So I am going to read it because ignoring these feelings will probably propel me to clean out my closet and I really don't want to have to resort to those drastic measures. I really liked most of the post here, and I am so grateful that it is so late that most people won't see mine.

This really chilled me. The raw emotion of it, the sense of being hurt by someone who you respect, or even idolize is a constant one for me. It's like going through letters of Confederate women and seeing some of yourself, and then, at the same time, remembering that they thought you were subhuman. And all while knowing that the mark of maturity and courage is not to let one feeling cancel out the other, to give people their humanity, as you would want yours, all the way never excusing them, never letting them off the hook.
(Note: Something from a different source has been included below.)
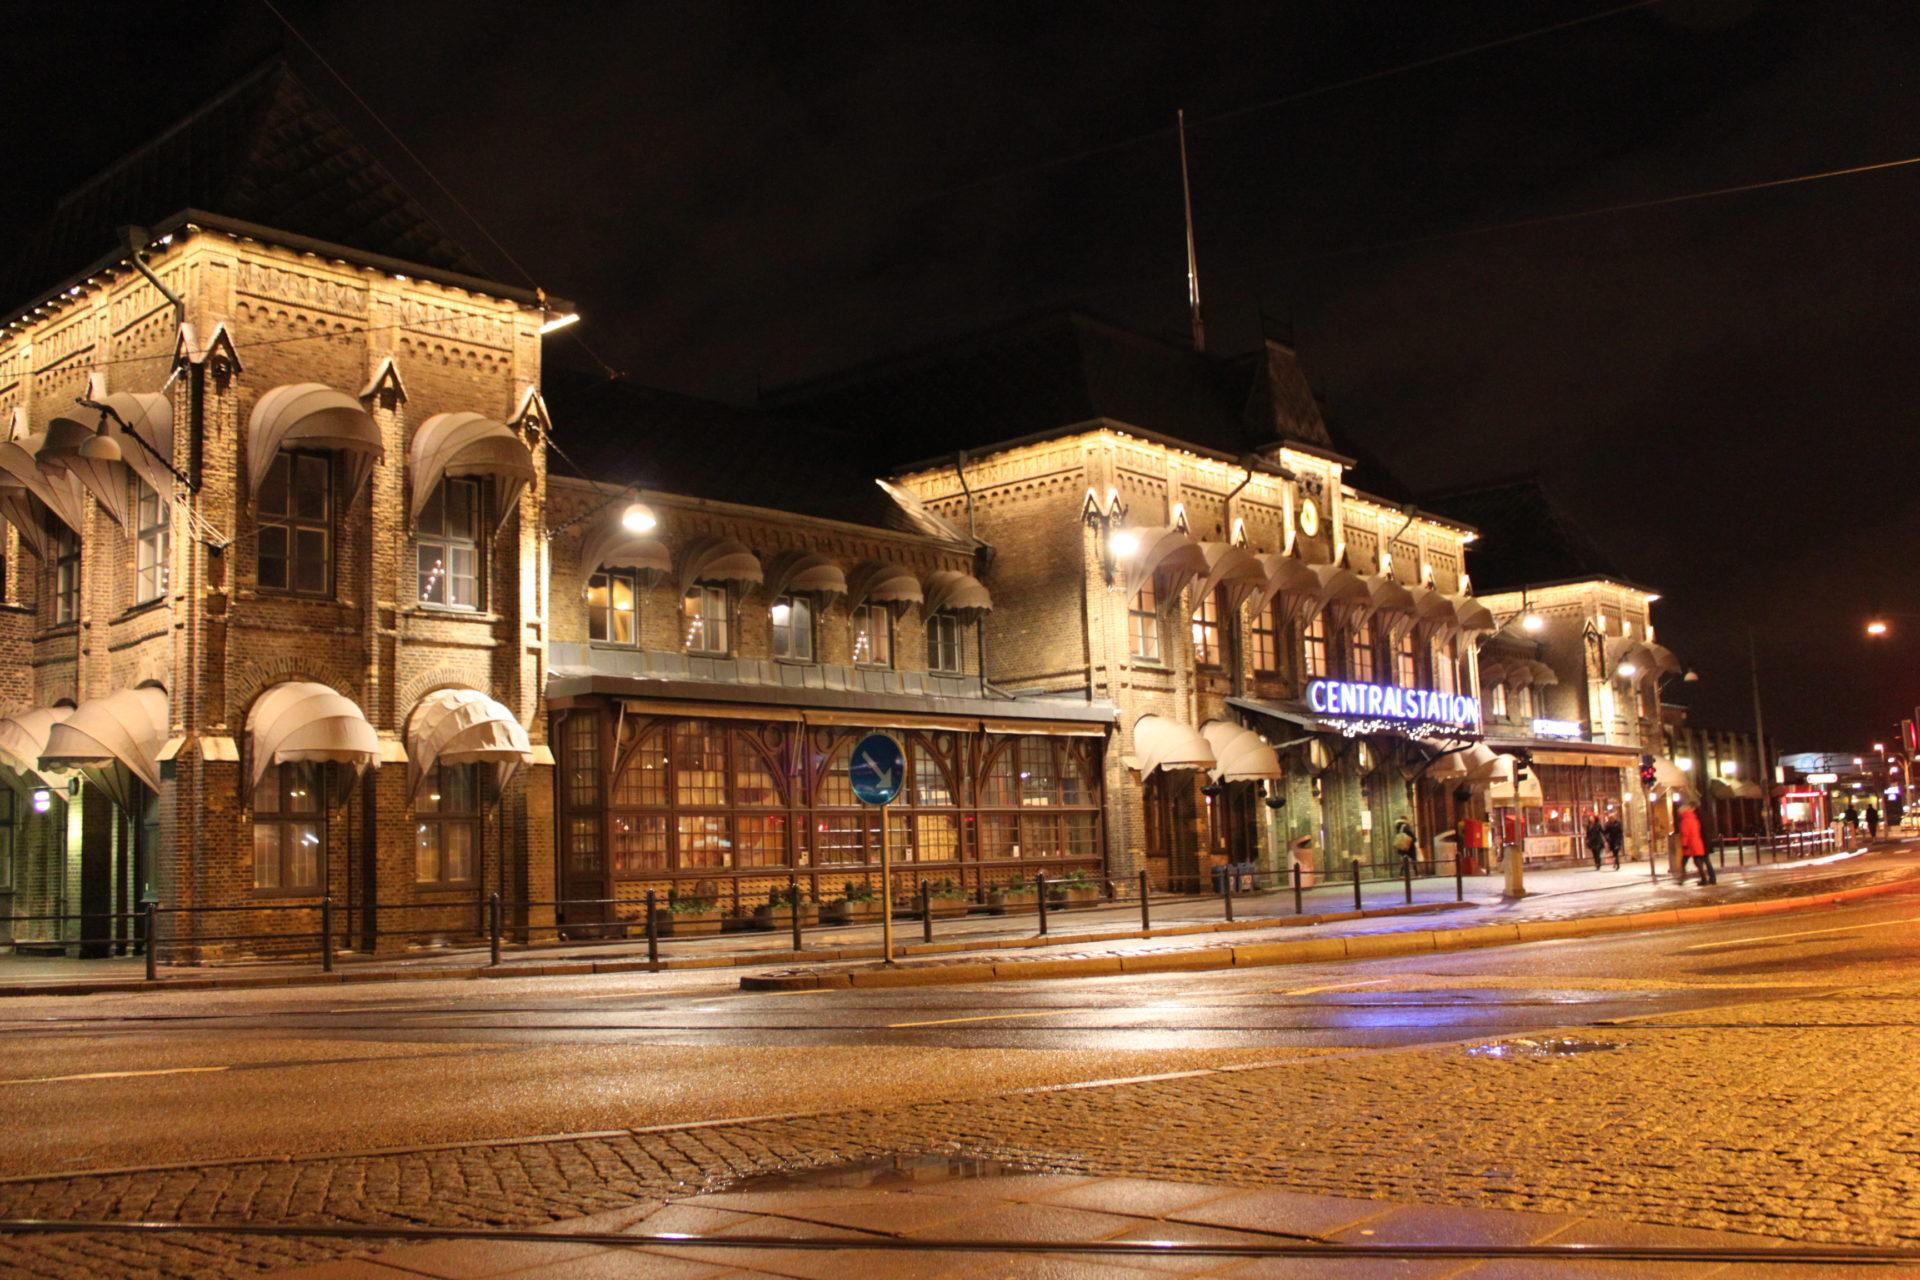 """Central Station"" photo by Ferenec Nasztanovics"

That's really been my primary work for the past few years. In all honesty, I most selfishly wish Malcolm hadn't wrote those words. But I frankly believe that what he said on paper was pervasive then--and not simply, or even particularly, among black nationalists. Whatever someone's ability to see the flaws in their current contexts, the inability to see broader flaws is an unfortunately human trait. The fact is that Malcolm did write those words, and it's wrong to consider him, without considering him in total. I think Spike's film would have been a lot better, had he tried to account for that thinking, and for Ella.

Finally, I want to say something about how we talk about humanity, and the divisions that haunt us. What I appreciate most about BJ's note is the stress she puts on her individual emotions and how it connects to the whole. One beef I have with many of my comrades is that we speak of people in these big systemic and, frankly, academic terms which often, for me, obscure reality more than they confront it. I think a lot of us are more interested in deploying terms like "white privilege" and "patriarchy," then exploring what they really mean, and how they, specifically, curtail the ambitions of humanity. I strongly suspect that this vague language accounts for some of our inability to connect with people who don't share our premises. 

I recognize that displays of emotion sometimes empowers the enemies of equality. But I don't think this rule is absolute. If you want to be president it likely hurts. If you're trying to explain yourself to people who may be apt to listen, I think, on balance, it helps.

At any rate, I wanted to salute BJ for not simply folding up under the pain, as we all are often tempted to do, but for instead confronting the source of that pain.